:: Exercise ::
What is needed is an exact copy of the listing, with no pictures in it.
#### Data below
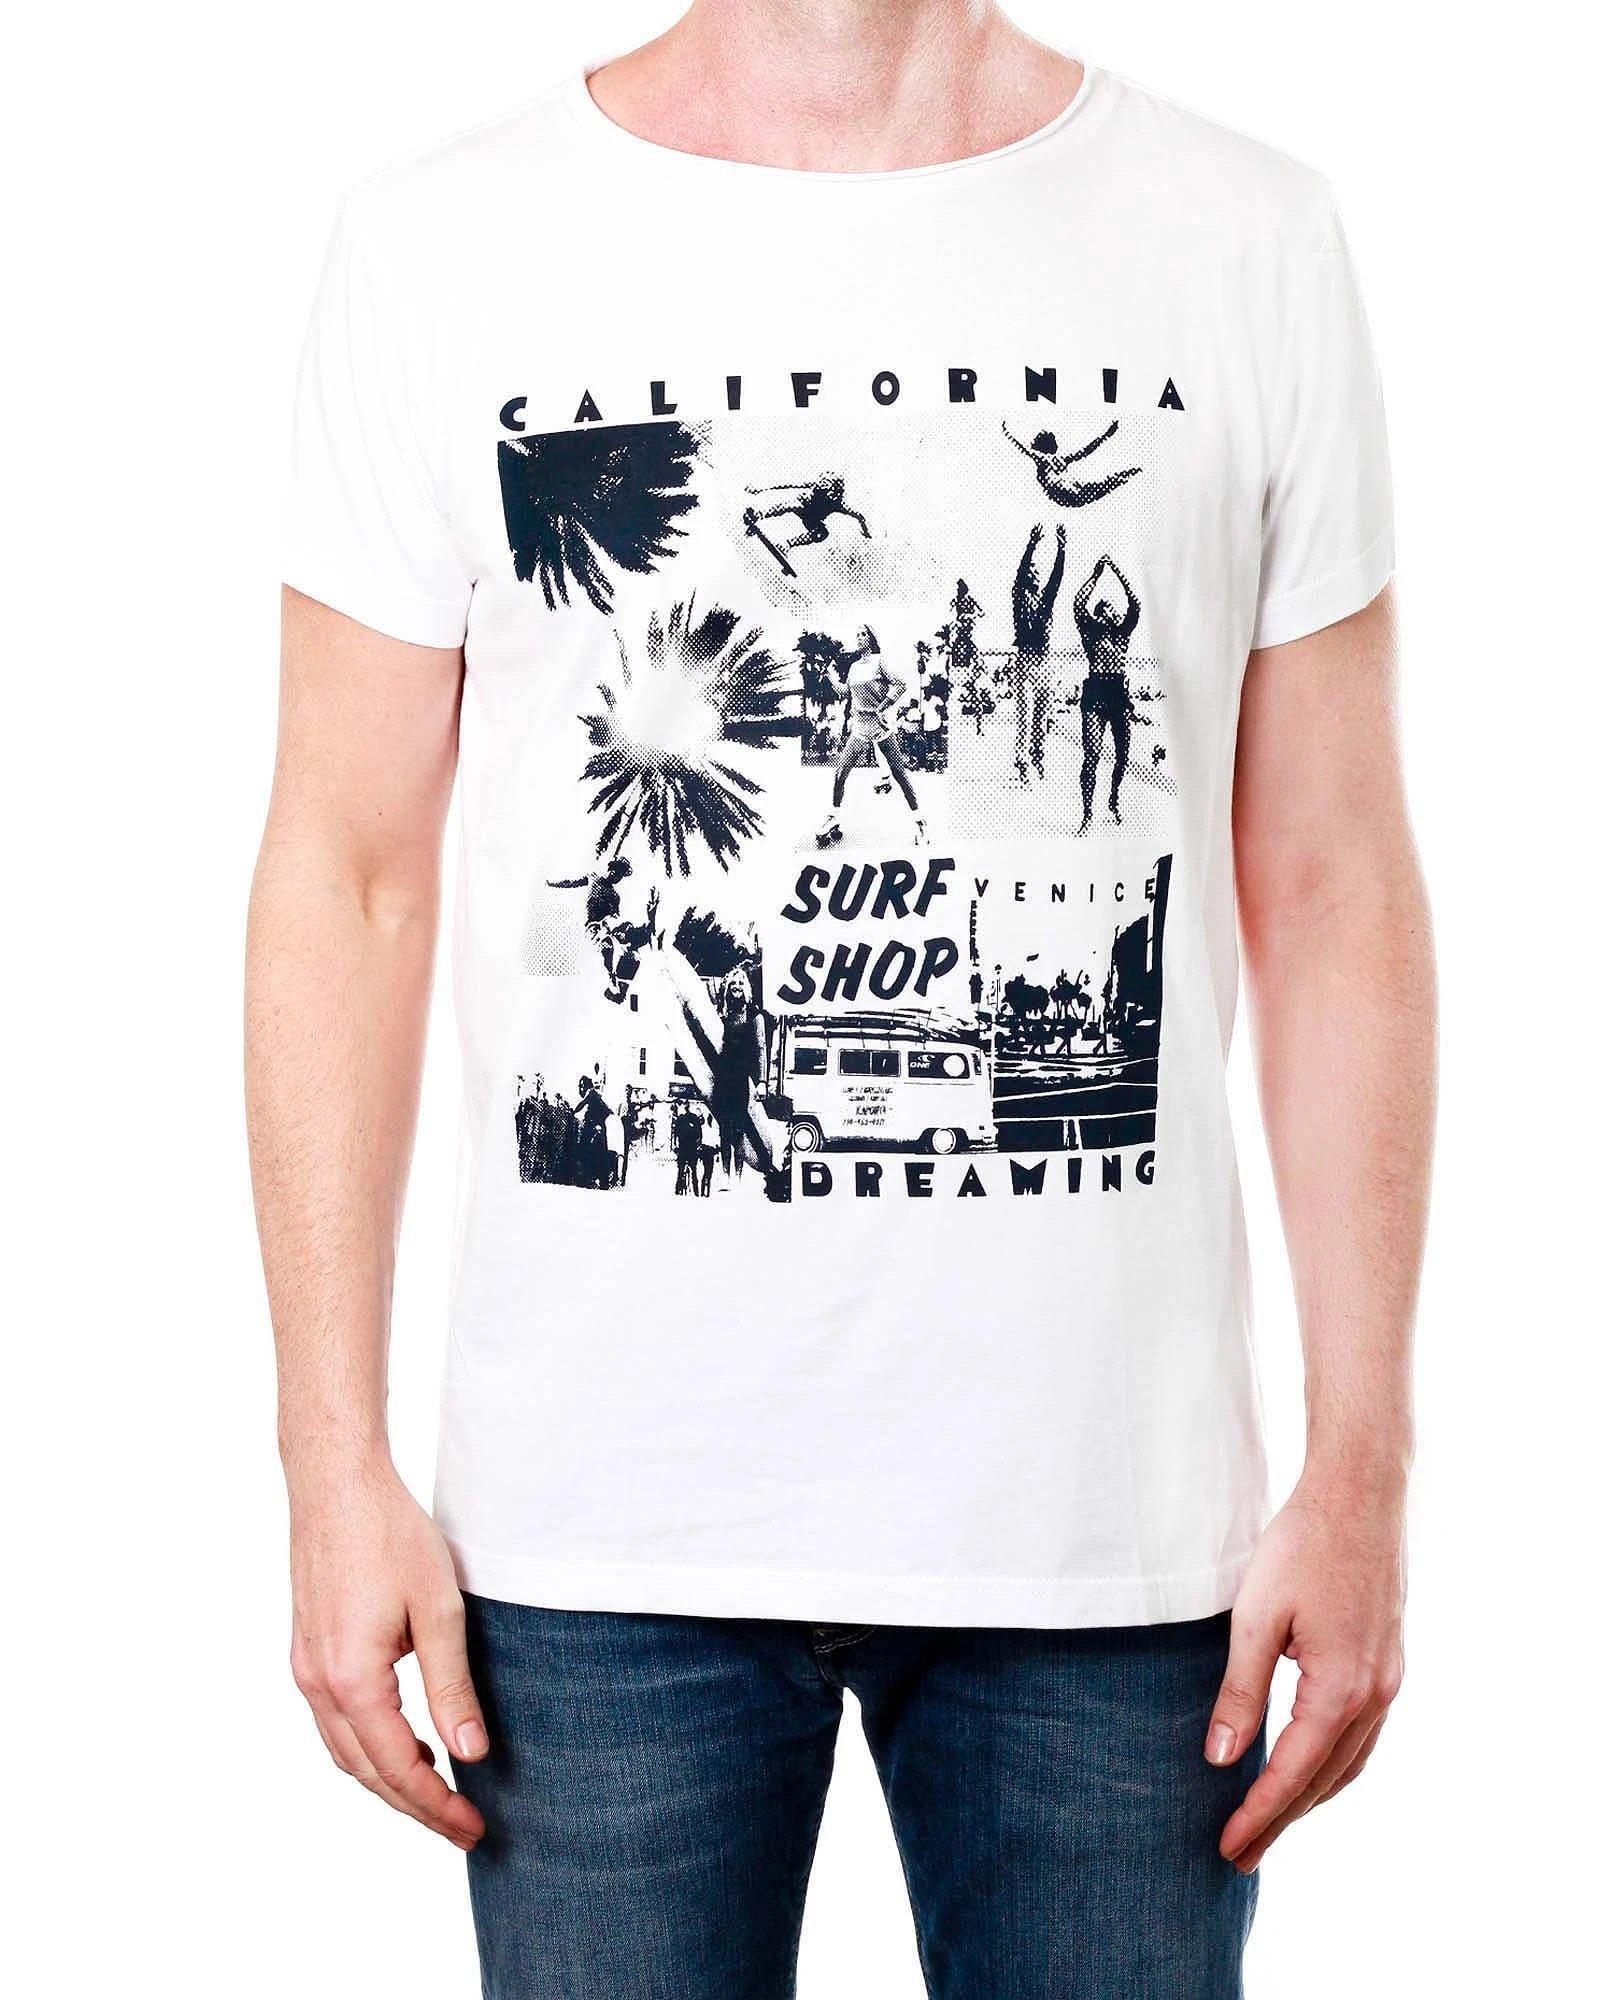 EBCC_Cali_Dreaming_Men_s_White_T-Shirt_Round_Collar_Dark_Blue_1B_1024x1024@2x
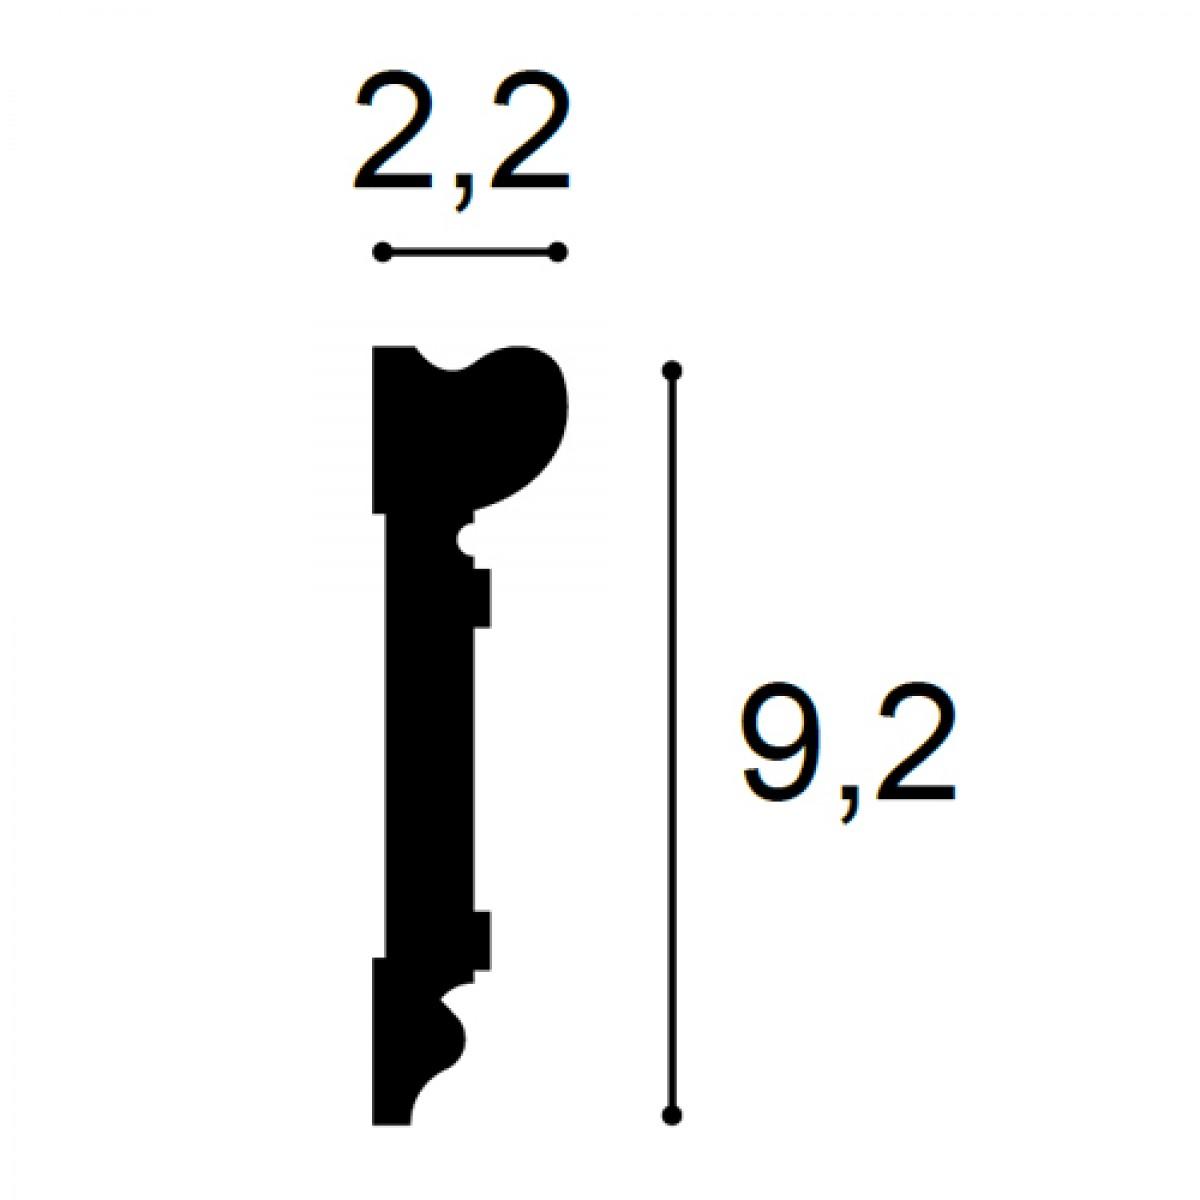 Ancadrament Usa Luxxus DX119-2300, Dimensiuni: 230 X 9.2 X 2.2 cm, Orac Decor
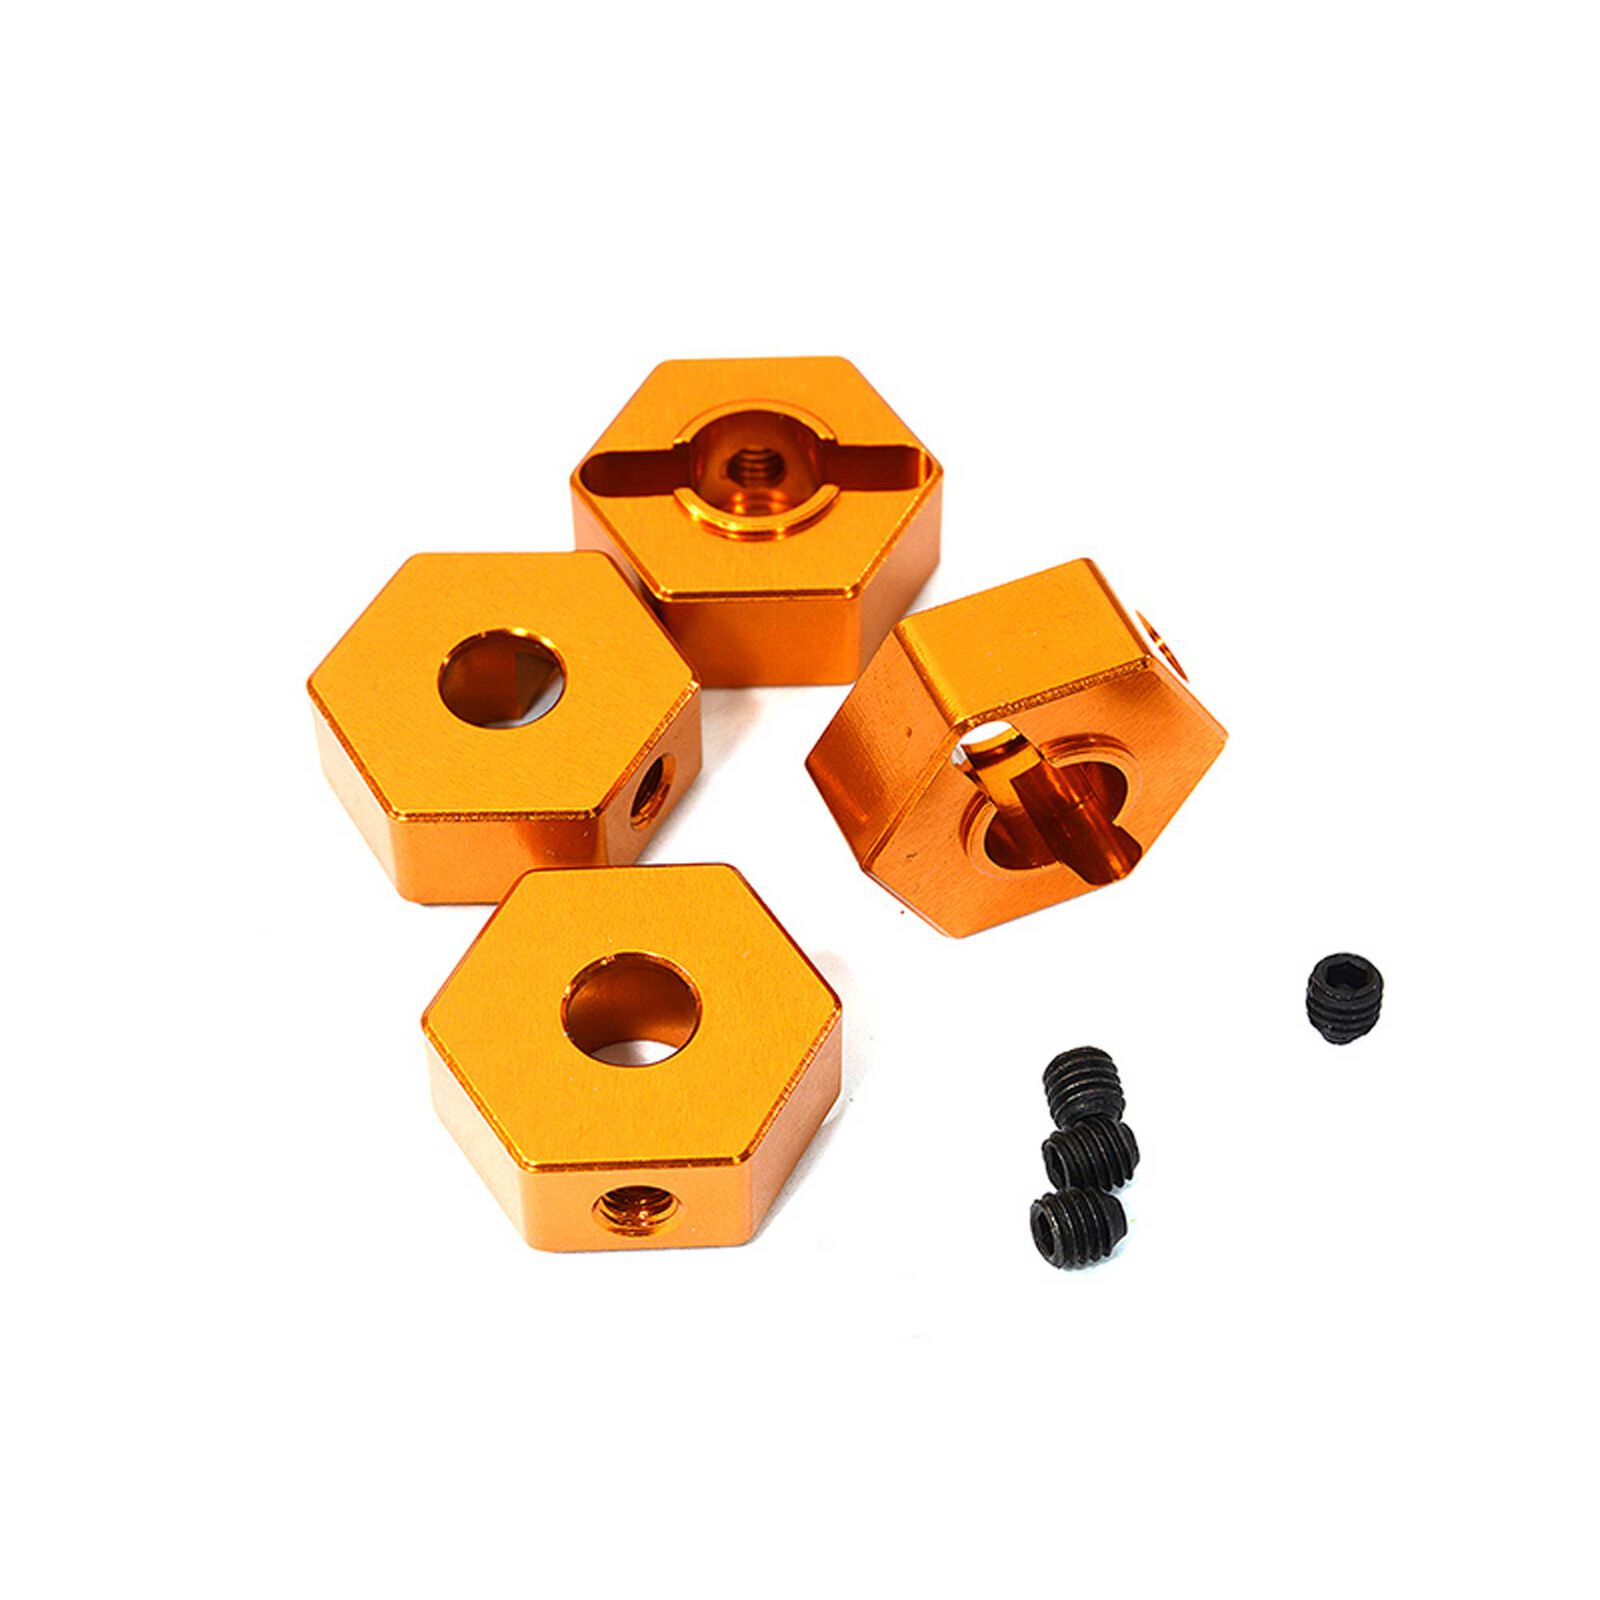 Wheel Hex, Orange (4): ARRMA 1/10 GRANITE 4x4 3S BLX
########
:: Solved problem ::
 EBCC_Cali_Dreaming_Men_s_White_T-Shirt_Round_Collar_Dark_Blue_1B_1024x1024@2x
 Ancadrament Usa Luxxus DX119-2300, Dimensiuni: 230 X 9.2 X 2.2 cm, Orac Decor
 Wheel Hex, Orange (4): ARRMA 1/10 GRANITE 4x4 3S BLX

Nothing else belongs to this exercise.